If you want to see the truth, take the red pill

Sep 22, 2014 06:40 GMT  ·  By

The whole deal with the red and blue pills from Matrix has been done to death, but that isn't stopping Advanced Micro Devices from using the same figurative device once again. Indeed, the company seems to relish in it, although, granted, it is going with the “no pills required” stance this time, instead of prescribing them.

Obviously, it has to do with the fact that Advanced Micro Devices' logos for graphics products have always been red. A legacy of ATI, the company that AMD assimilated years ago and the one that originally possessed all the IP and brands.

It was an interesting process to see the rivalry between NVIDIA and ATI become a rivalry between NVIDIA and AMD.

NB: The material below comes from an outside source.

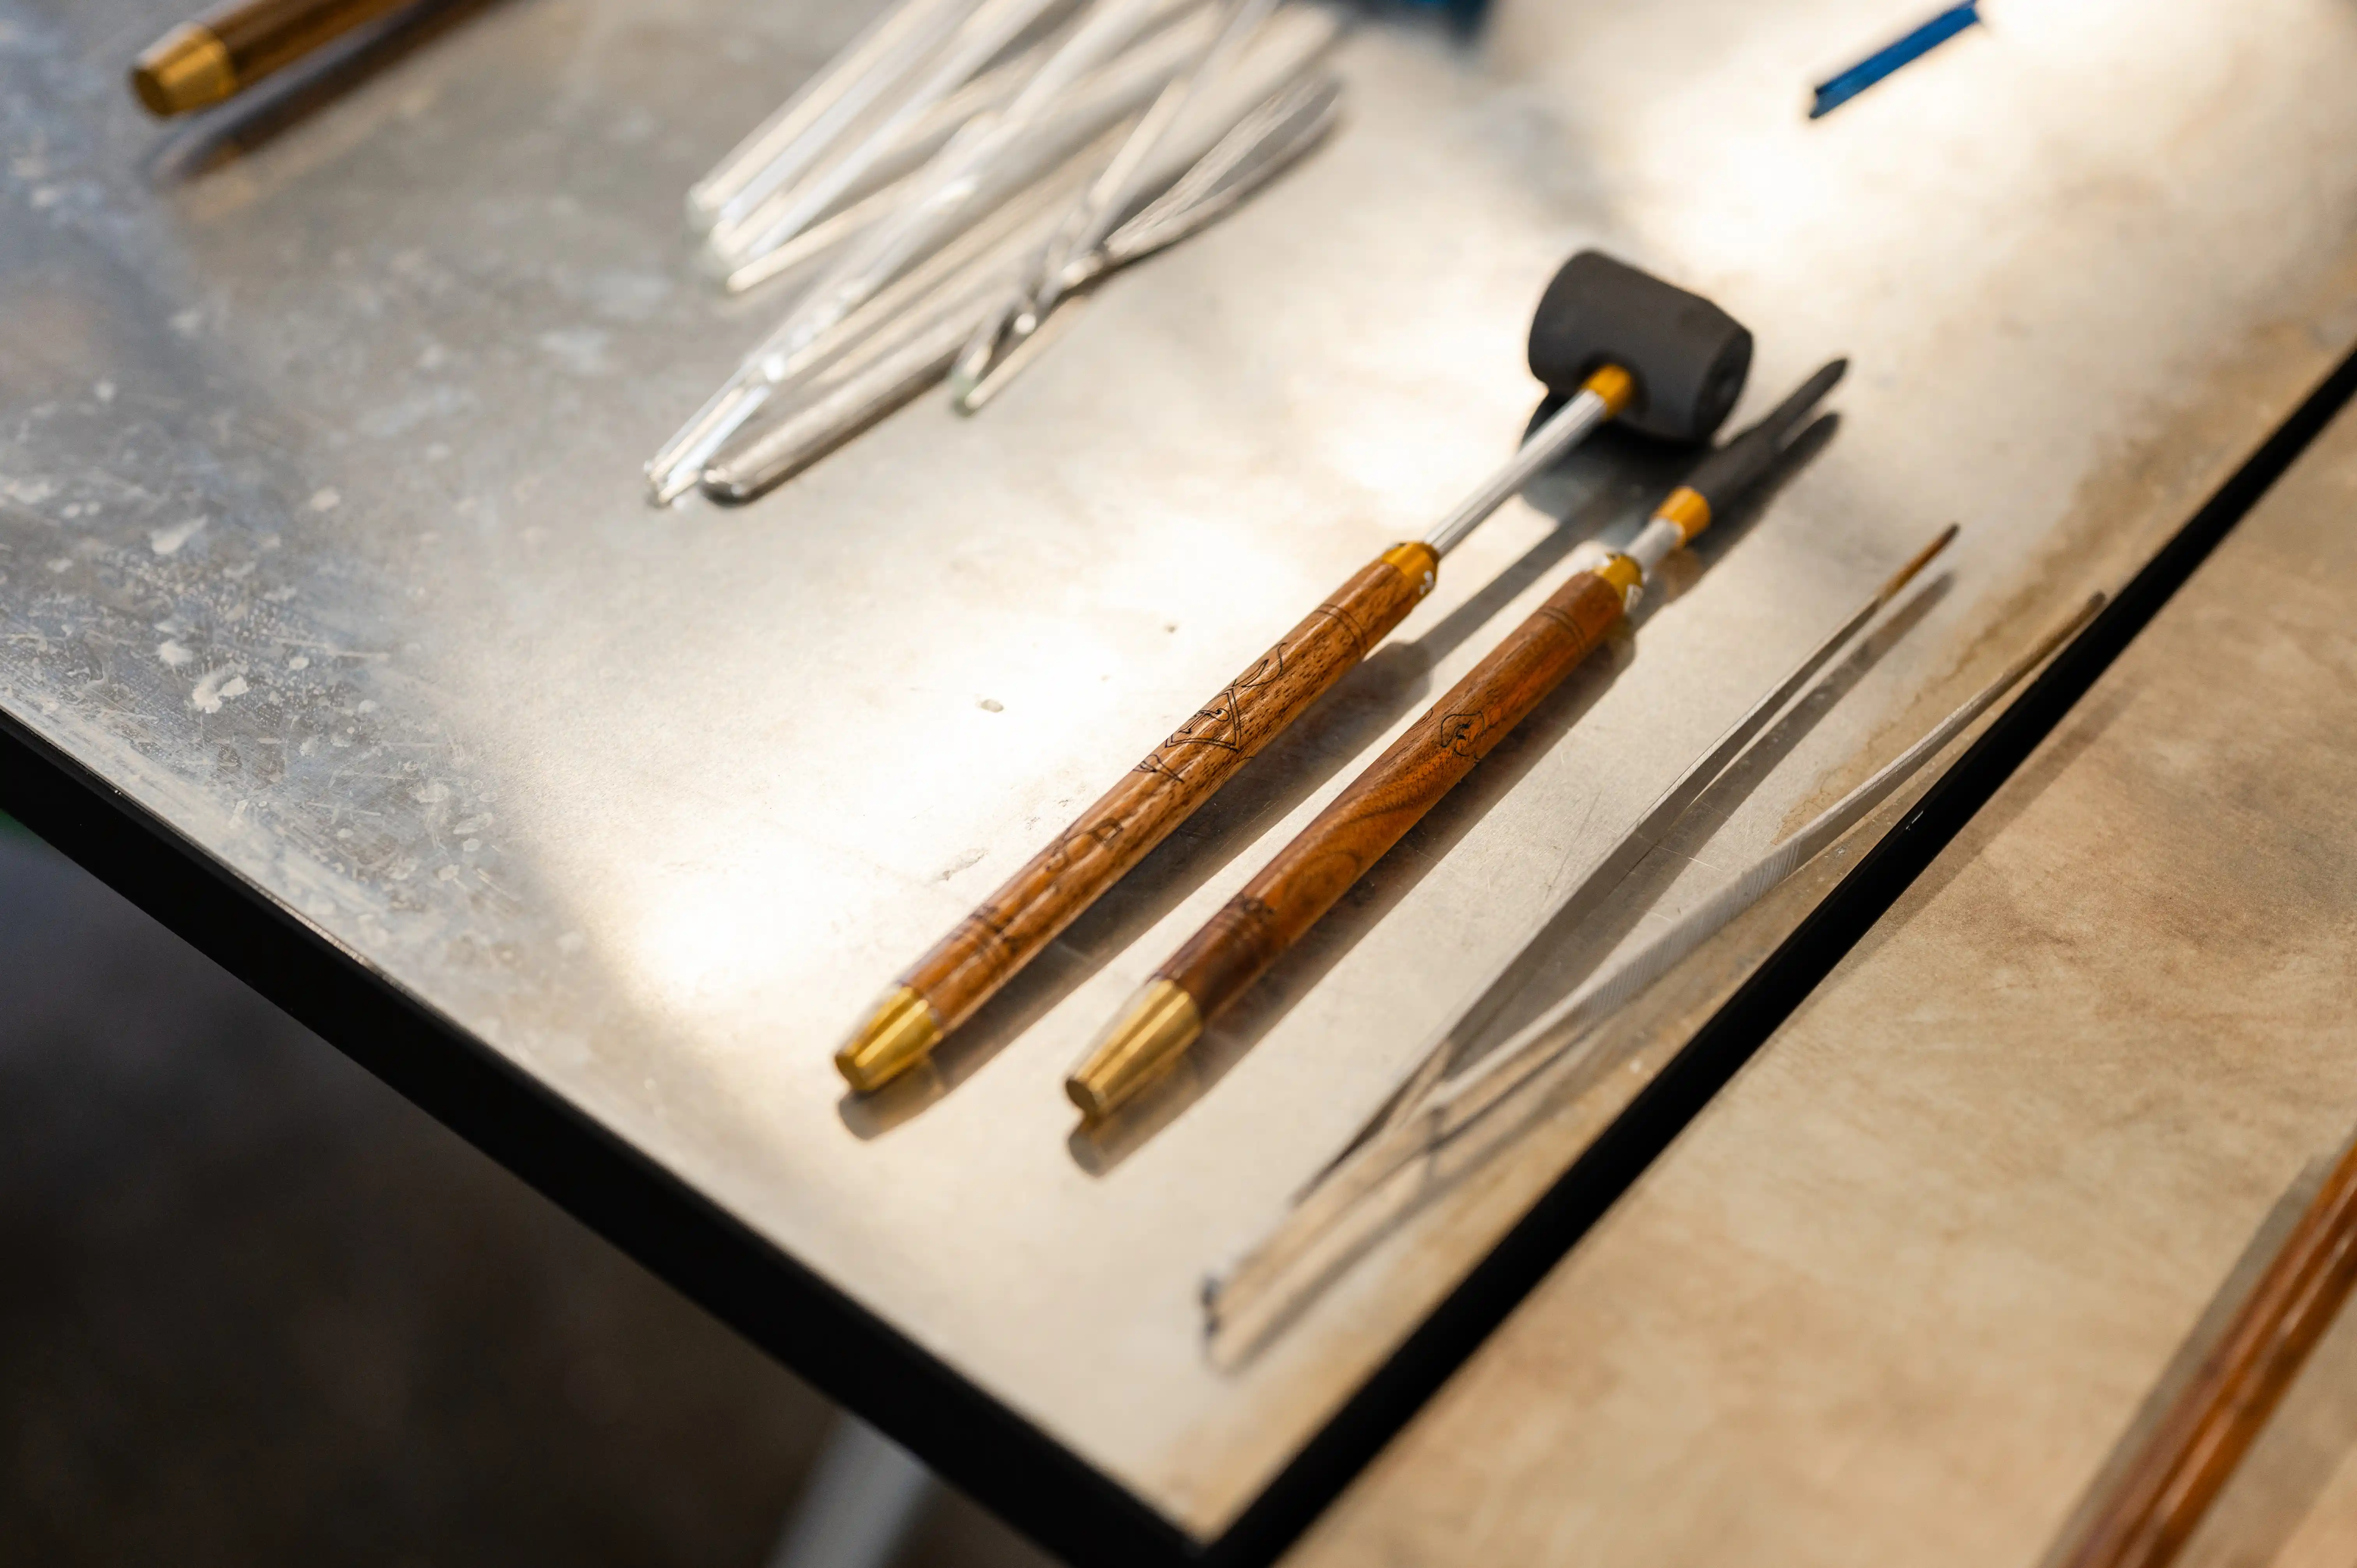 Assorted jewelry making tools including metal files and a hammer on a workbench.

That rivalry has come to something of a head now that NVIDIA has formally launched the GeForce GTX 980 and GTX 970 graphics cards.

AMD's response to Maxwell

So far, there hasn't been much of one. While NVIDIA has finally released high-end video cards powered by the Maxwell graphics processing unit architecture, AMD hasn't really responded with a launch of its own.

The only video board it released recently, the Radeon R9 285, won't be followed by any stronger Tonga-based cards like R9 285X. At least that's what all the latest reports have said.

Now, though, we may risk a hope that the Sunnyvale, California-based company will finally unveil some new video board of its own.

Granted, nothing actually says that AMD's product launch will be a GPU, since AMD's teaser makes it a point of keeping things vague.

Still, red is the color of GPUs, while green is that of CPUs. True, APUs have red logos as well (with black), but we're still banking on a graphics card.

Alas, that still leaves the mystery of whether or not the board is a Radeon-branded adapter (and, thus, a consumer graphics card) or if it is a Quadro FirePro (professional adapter).

The time of revelations

According to AMD, its big announcement will come in three days, on September 25, 2014. The presumed graphics card may or may not have a hybrid cooler, which would imply it is a stronger board than normal. Thus, odds are that we're going to be seeing that Radeon R9 390X after all.

It would explain why the GPU, CPU, and APU maker would so casually claim that the Future Is AMD and not be at all intimidated by how often similar statements are made by others on the technology market. I guess you'd all better hold onto your hats.